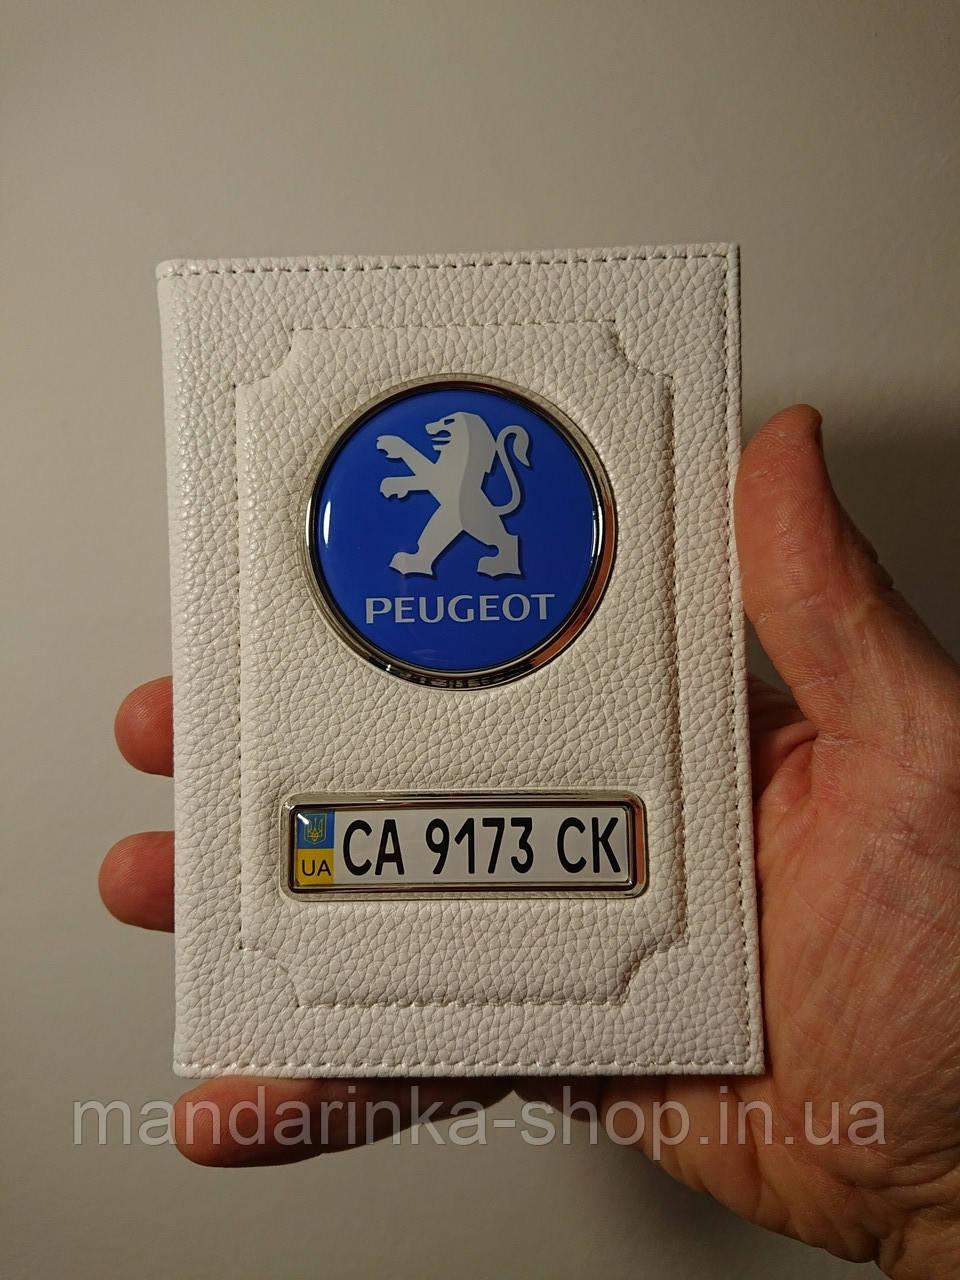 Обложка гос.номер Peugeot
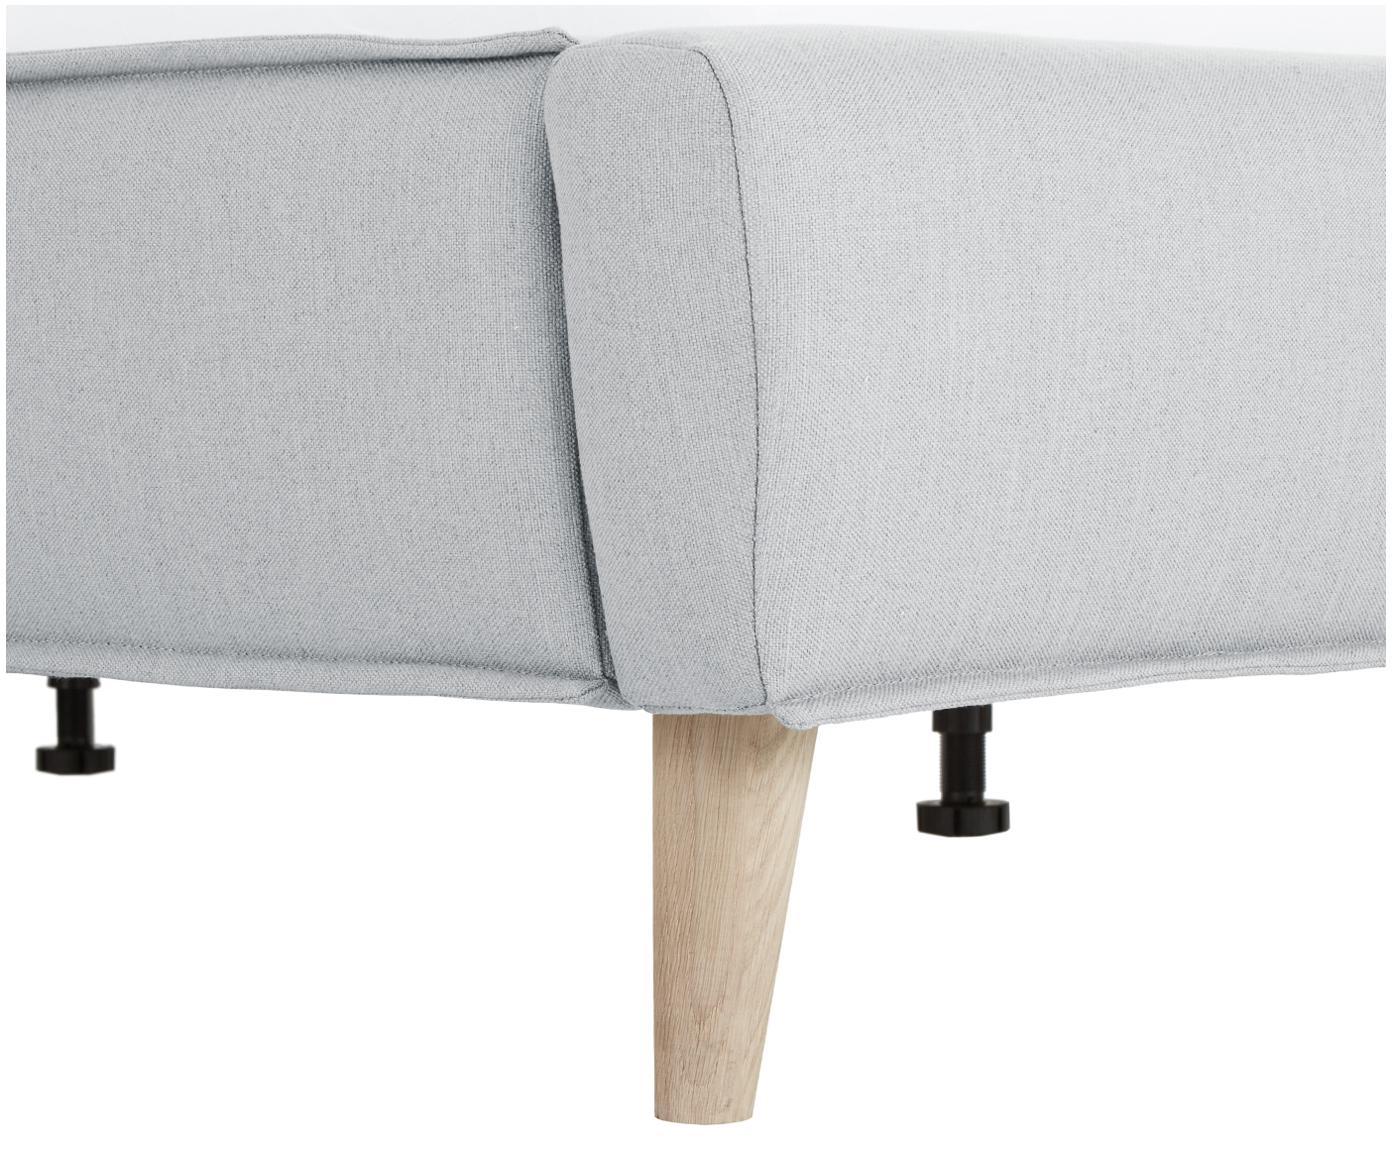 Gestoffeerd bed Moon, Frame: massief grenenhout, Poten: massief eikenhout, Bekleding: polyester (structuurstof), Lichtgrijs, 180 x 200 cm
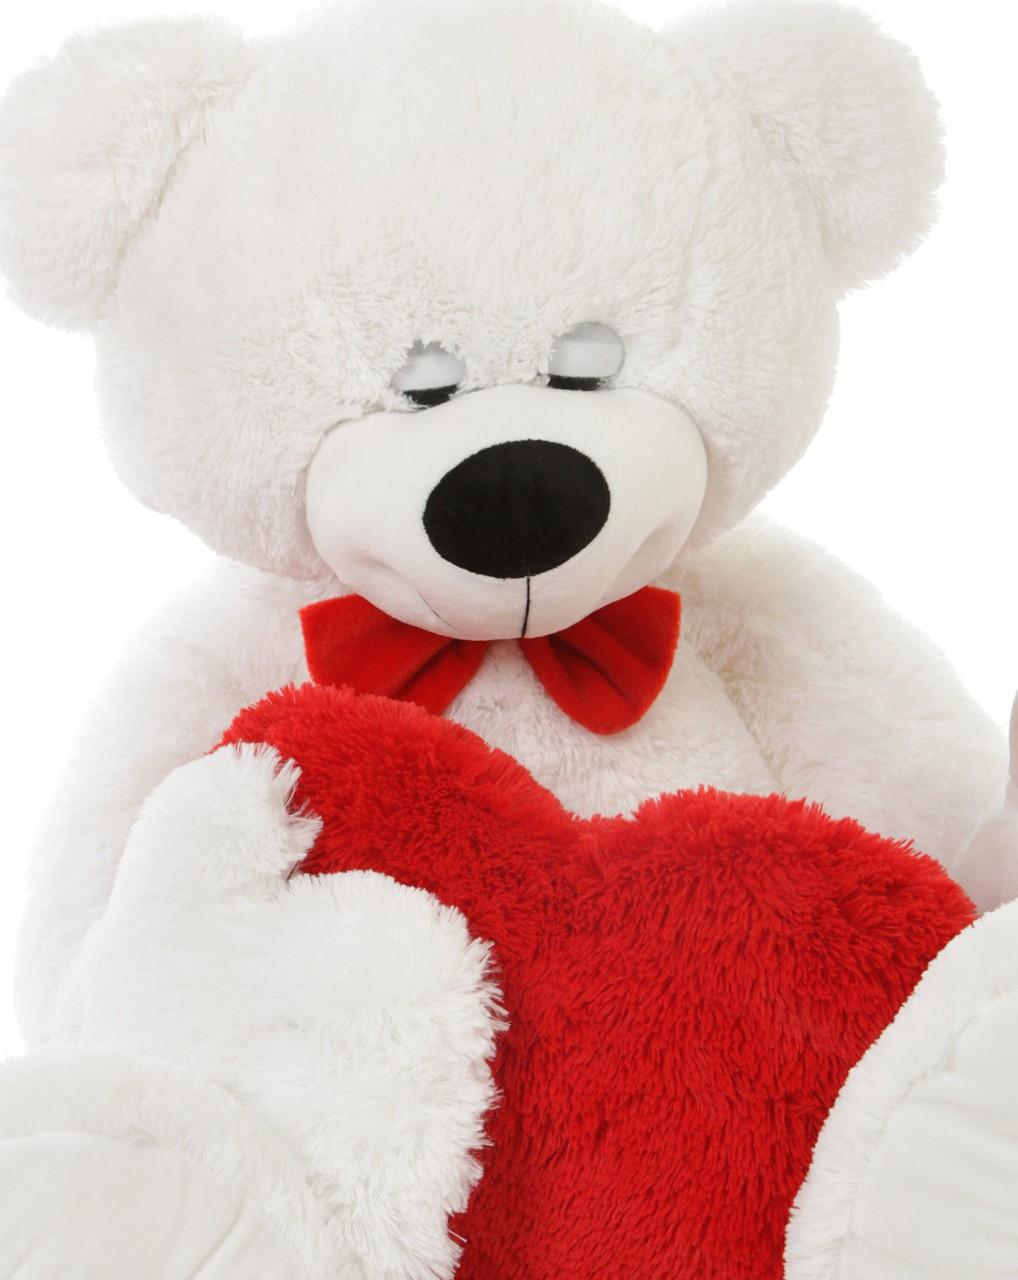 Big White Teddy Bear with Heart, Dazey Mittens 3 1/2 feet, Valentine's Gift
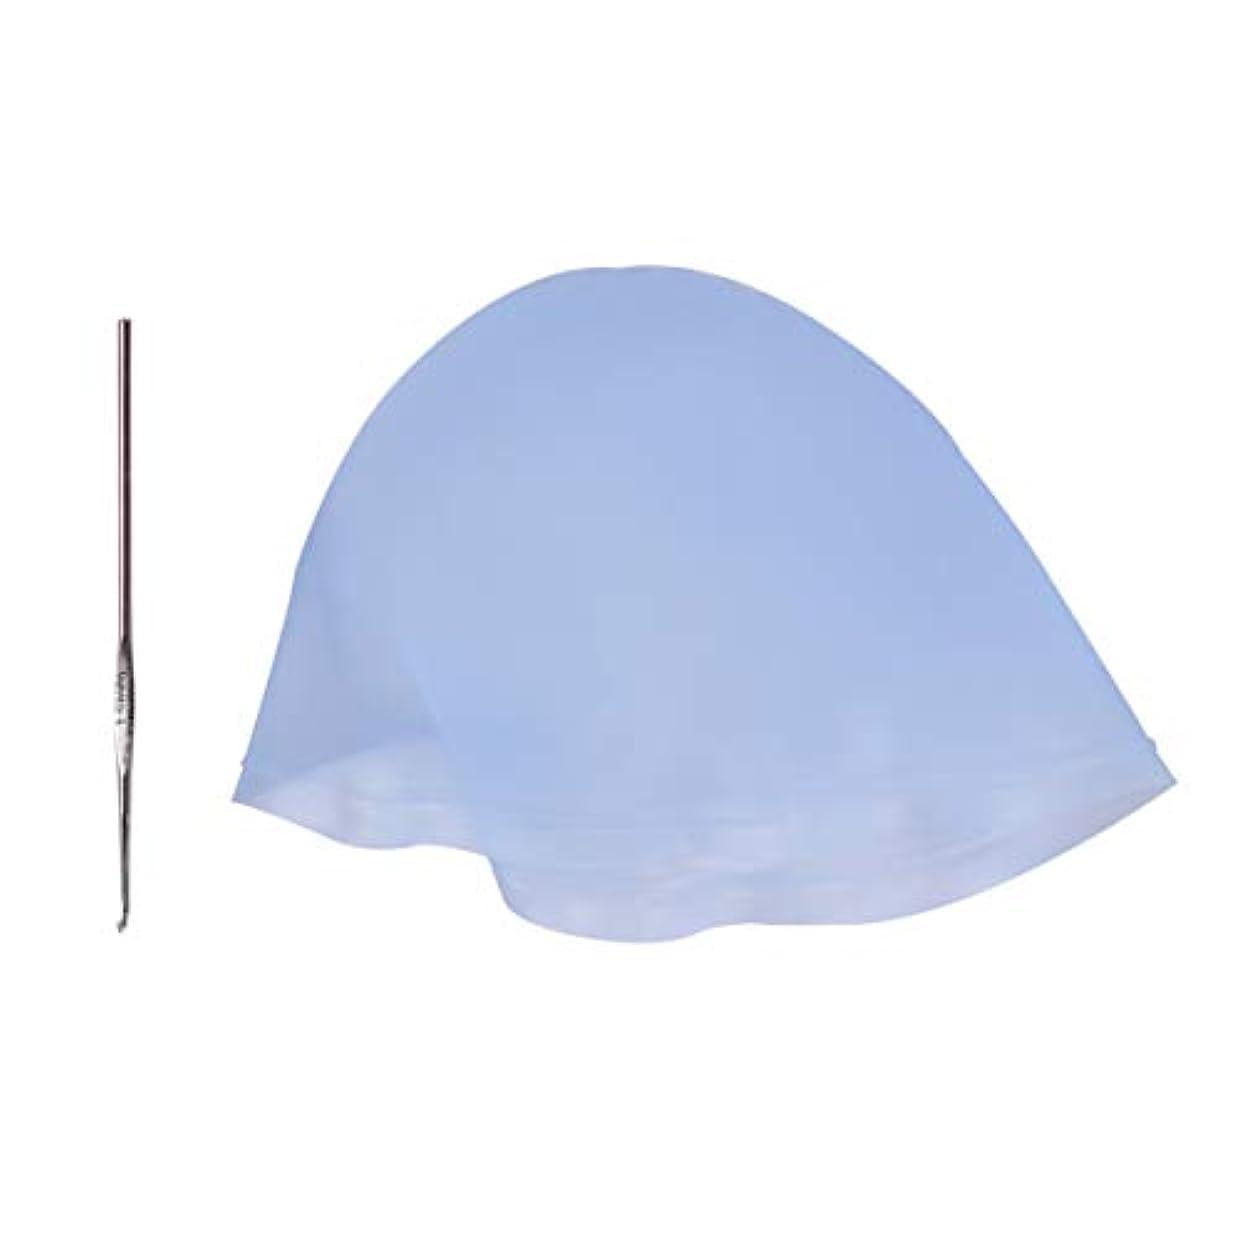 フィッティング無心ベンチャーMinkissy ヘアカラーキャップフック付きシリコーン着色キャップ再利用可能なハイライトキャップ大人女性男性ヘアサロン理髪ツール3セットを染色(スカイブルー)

• Task requirements: When you copy the data, keep every line exact and drop the pictures.

• Task output:
 Обложка гос.номер Peugeot
 Gestoffeerd bed Moon, Frame: massief grenenhout, Poten: massief eikenhout, Bekleding: polyester (structuurstof), Lichtgrijs, 180 x 200 cm
 Big White Teddy Bear with Heart, Dazey Mittens 3 1/2 feet, Valentine's Gift
 フィッティング無心ベンチャーMinkissy ヘアカラーキャップフック付きシリコーン着色キャップ再利用可能なハイライトキャップ大人女性男性ヘアサロン理髪ツール3セットを染色(スカイブルー)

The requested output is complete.